The success of host immune defence depends in part on an organism’s ‘body clock’, a new study has revealed.
The study may lead to therapeutic strategies designed to optimise the immune response and to protect patients at the time when they are most vulnerable.
Many organisms have evolved an endogenous timing system called a circadian clock that regulates a wide variety of metabolic activities over a twenty-four hour cycle. "It is becoming increasingly evident that disruption of daily rhythms, such as from sleep deprivation, affects the immune response,” explained senior study author, Dr. Erol Fikrig from Yale University School of Medicine.
"In our study, we were interested in investigating whether the ability of the immune system to detect a pathogen is under circadian control and whether there are timing-associated consequences for the subsequent immune response.” Dr. Fikrig and colleagues examined the expression and function of Toll-like receptor 9 (TLR9), an immune system protein that can sense bacterial and viral DNA.
The researchers demonstrated that the circadian clock controlled TLR9 expression and function and that mice immunized when TLR9 was most responsive exhibited an enhanced immune response. Importantly, in a mouse model of sepsis, disease severity was dependent on the timing of sepsis induction, which directly correlated with cyclical changes in TLR9. The authors suggest that this observation may be clinically significant, as septic human patients are known to be at increased risk of mortality between 2 and 6 am.
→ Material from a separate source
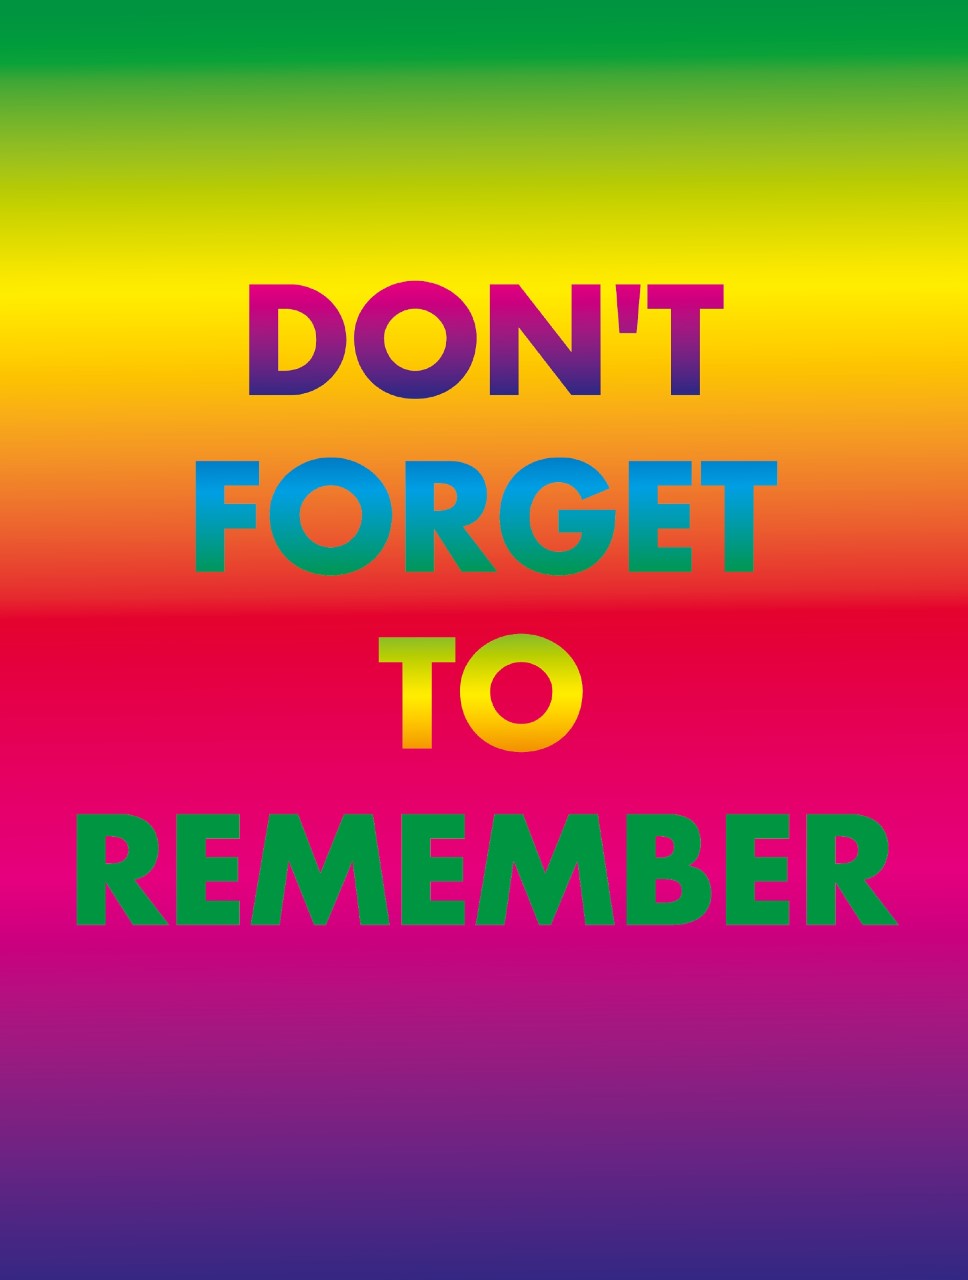 David McDiarmid Don’t Forget to Remember 1994; from the Rainbow Aphorism series 1994, National Gallery of Victoria, Melbourne. Purchased 1994. © David McDiarmid/Licensed by Copyright Agency, Australia
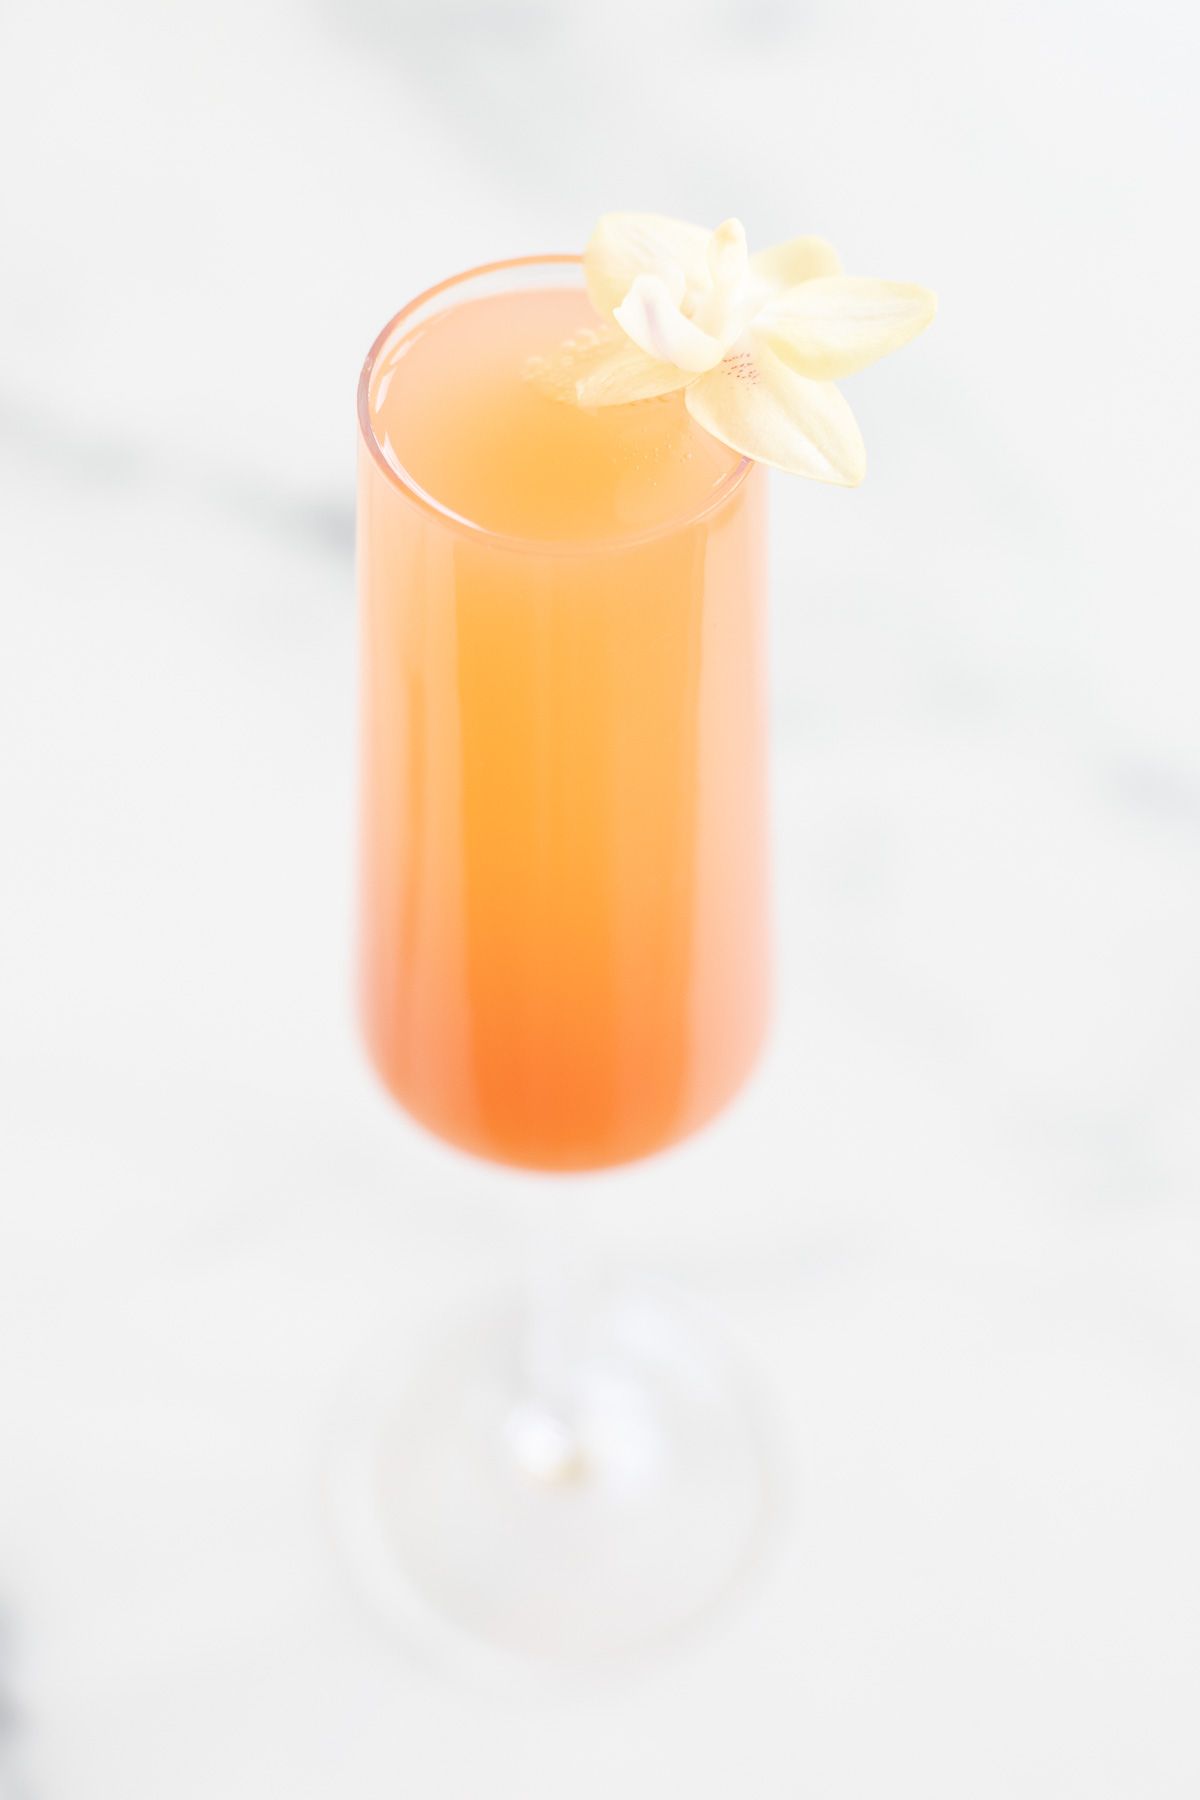 Grapefruit juice and champagne on a marble surface, garnished with a flower

"These findings not only unveil a novel, direct molecular link between circadian rhythms and the immune system, but also open a new paradigm in the biology of the overall immune response with important implications for the prevention and treatment of disease.” Dr. Fikrig said.
“Furthermore, patients in the ICU often have disturbed sleep patterns, due to noise, nocturnal light exposure and medications; it will be important to investigate how these factors influence TLR9 expression levels and immune responses,” Dr. Fikrig added.
The study has been published by Cell Press in the journal Immunity.